Records provided Block Start

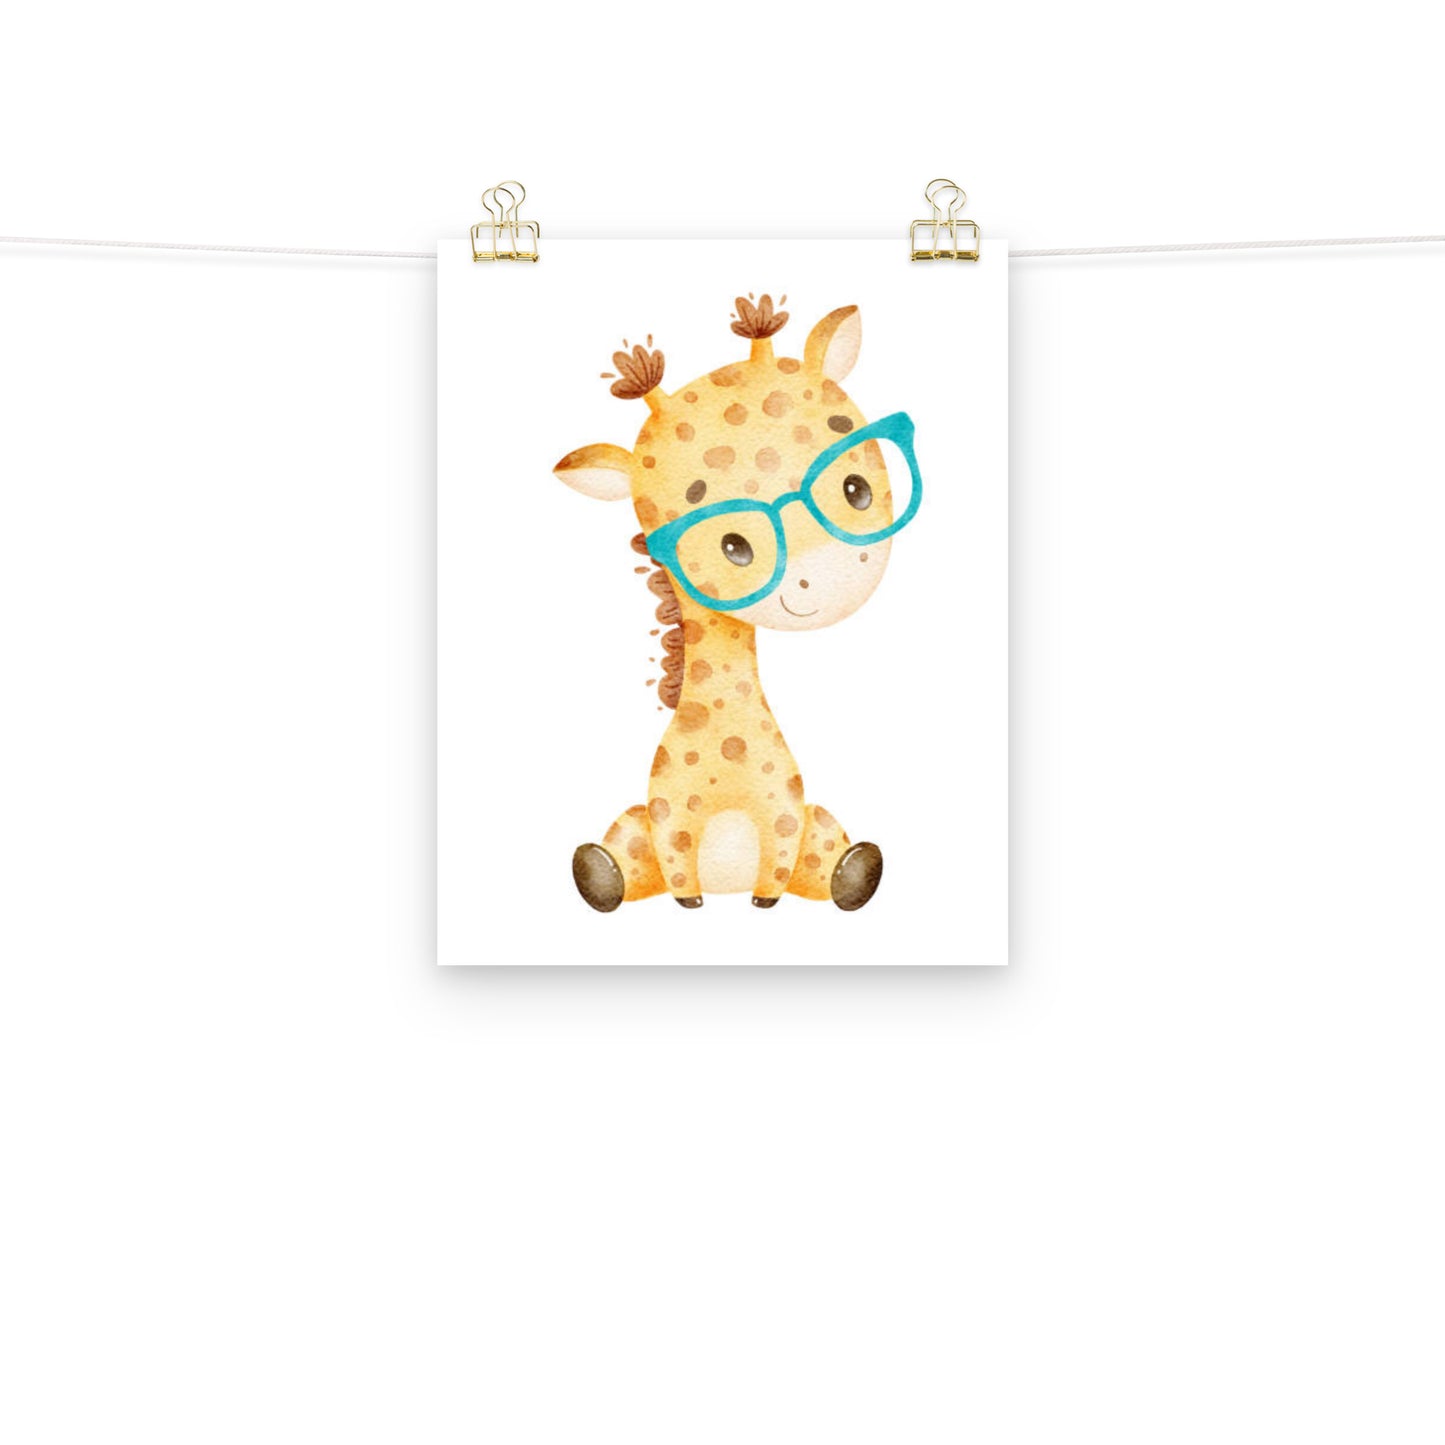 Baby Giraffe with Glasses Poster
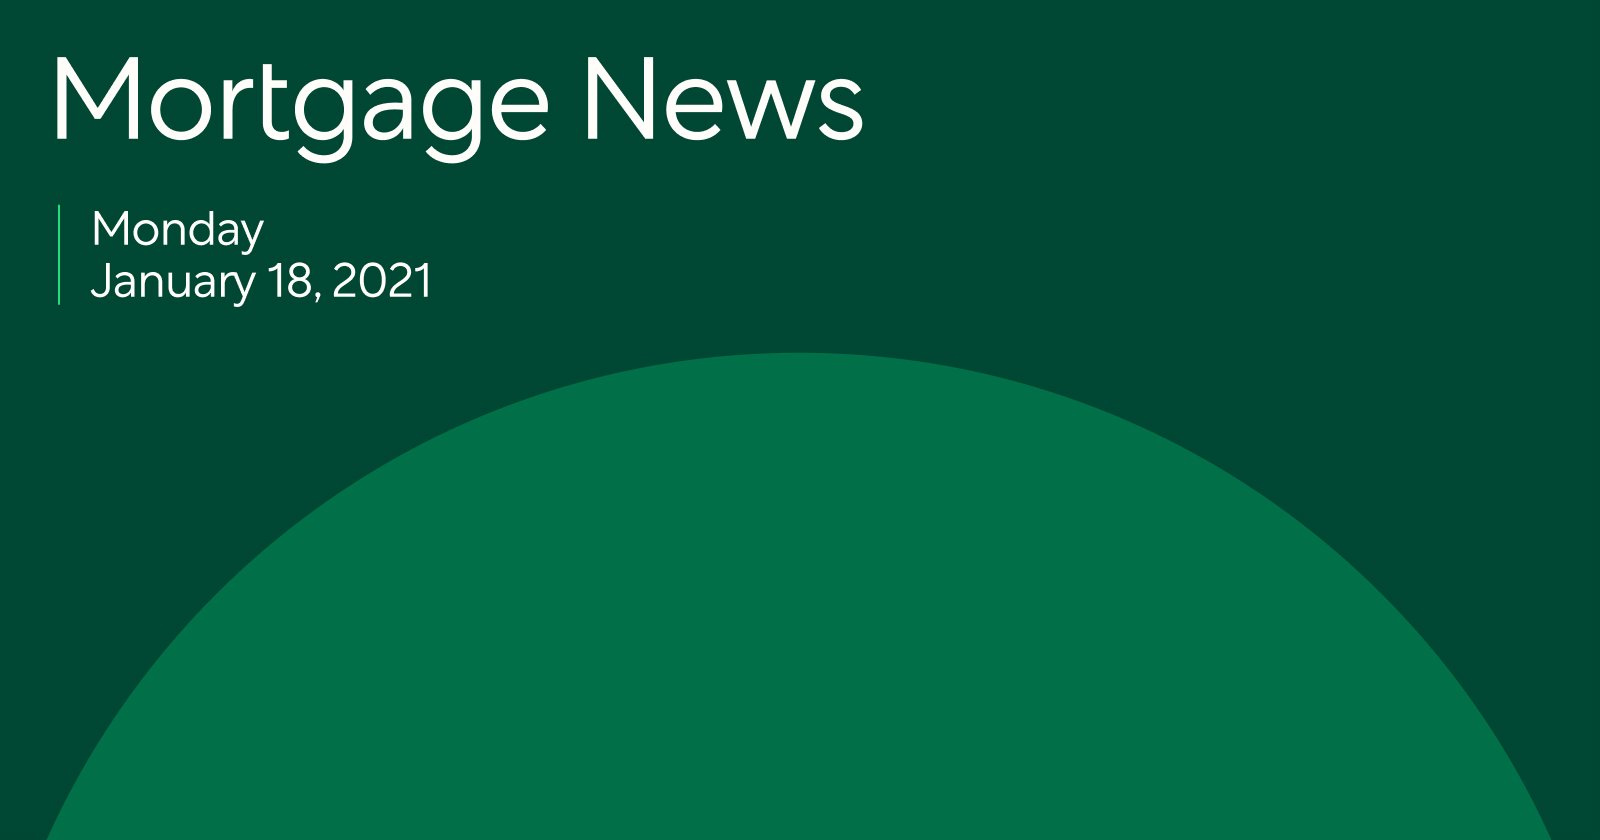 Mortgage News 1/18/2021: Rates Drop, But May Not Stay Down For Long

Records provided Block End
Records provided Block Start

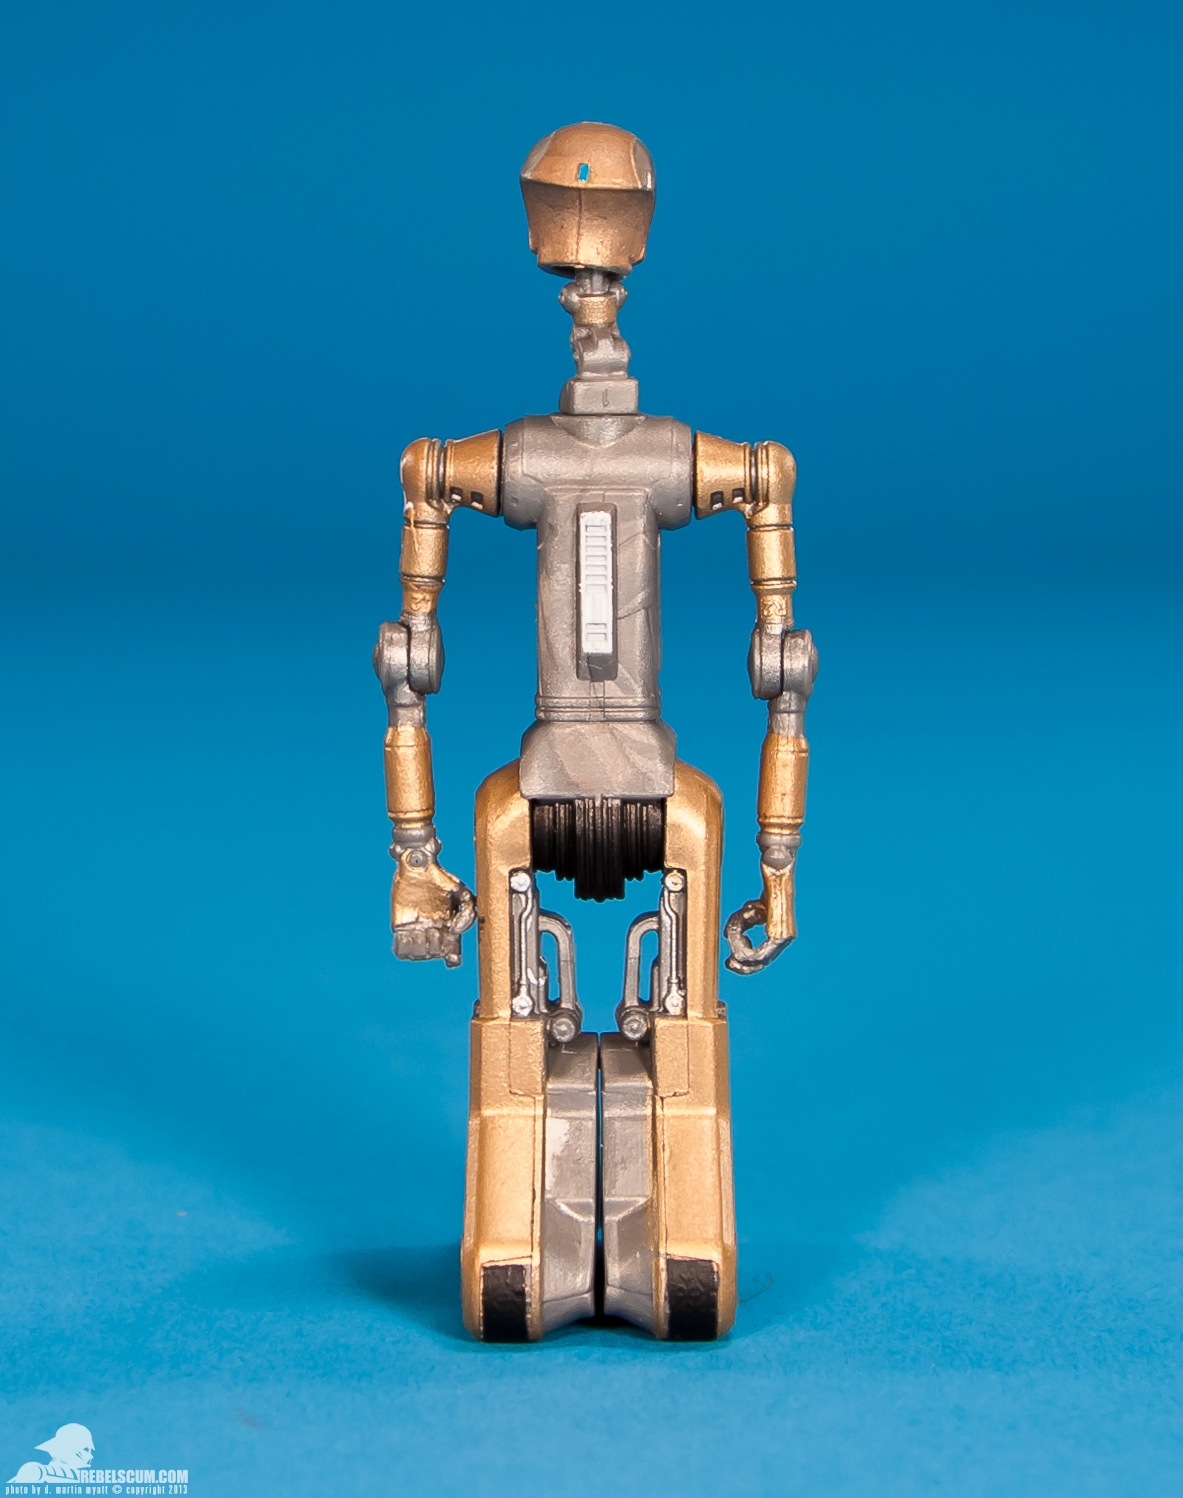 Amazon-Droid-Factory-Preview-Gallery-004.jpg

Records provided Block End
Records provided Block Start

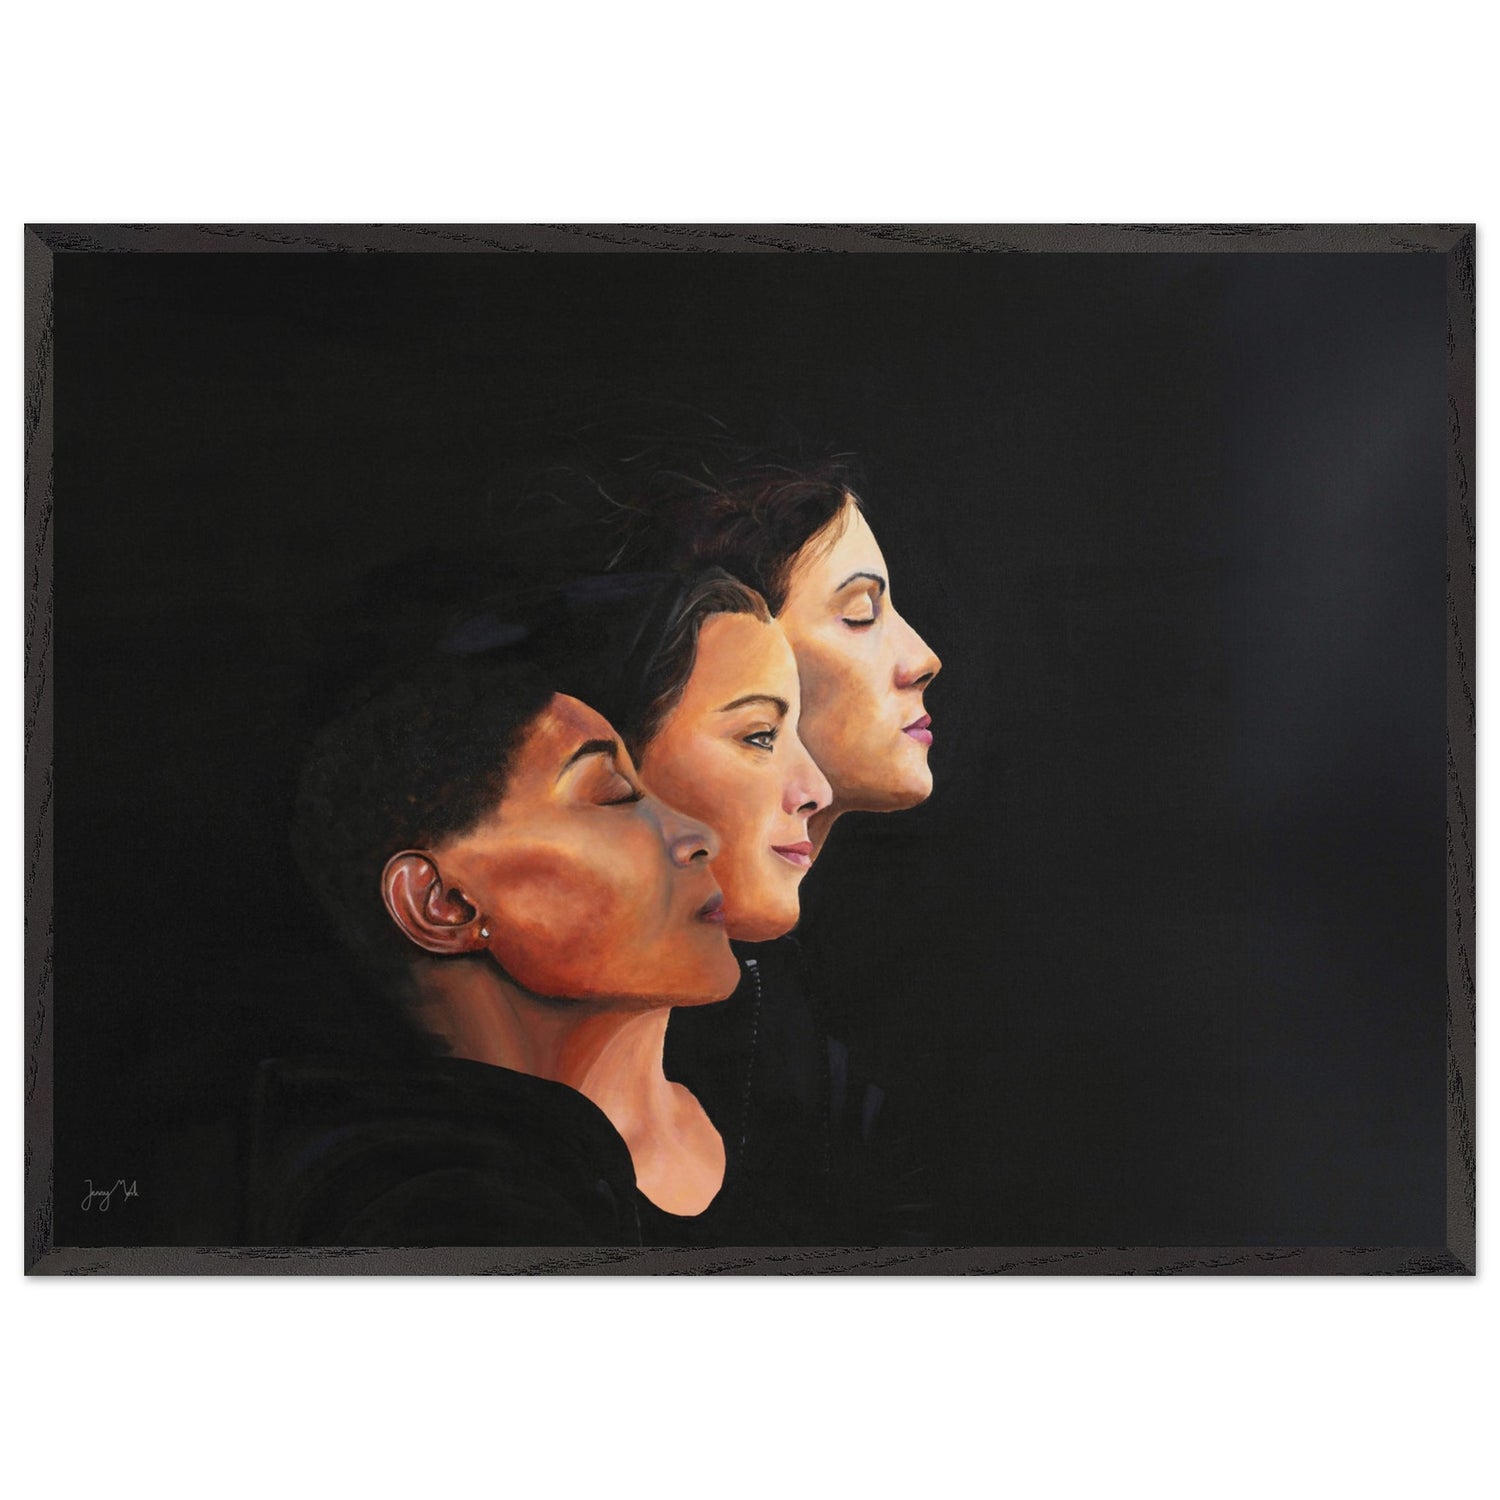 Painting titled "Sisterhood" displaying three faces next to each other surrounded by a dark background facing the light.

Records provided Block End

**Your assignment**. The answer is the lines above from the one with "Baby Giraffe with Glasses Poster" to the one with "Mortgage News 1/18/2021: Rates", set down exactly, with no pictures.

**Expected answer**.
 Baby Giraffe with Glasses Poster
 Mortgage News 1/18/2021: Rates Drop, But May Not Stay Down For Long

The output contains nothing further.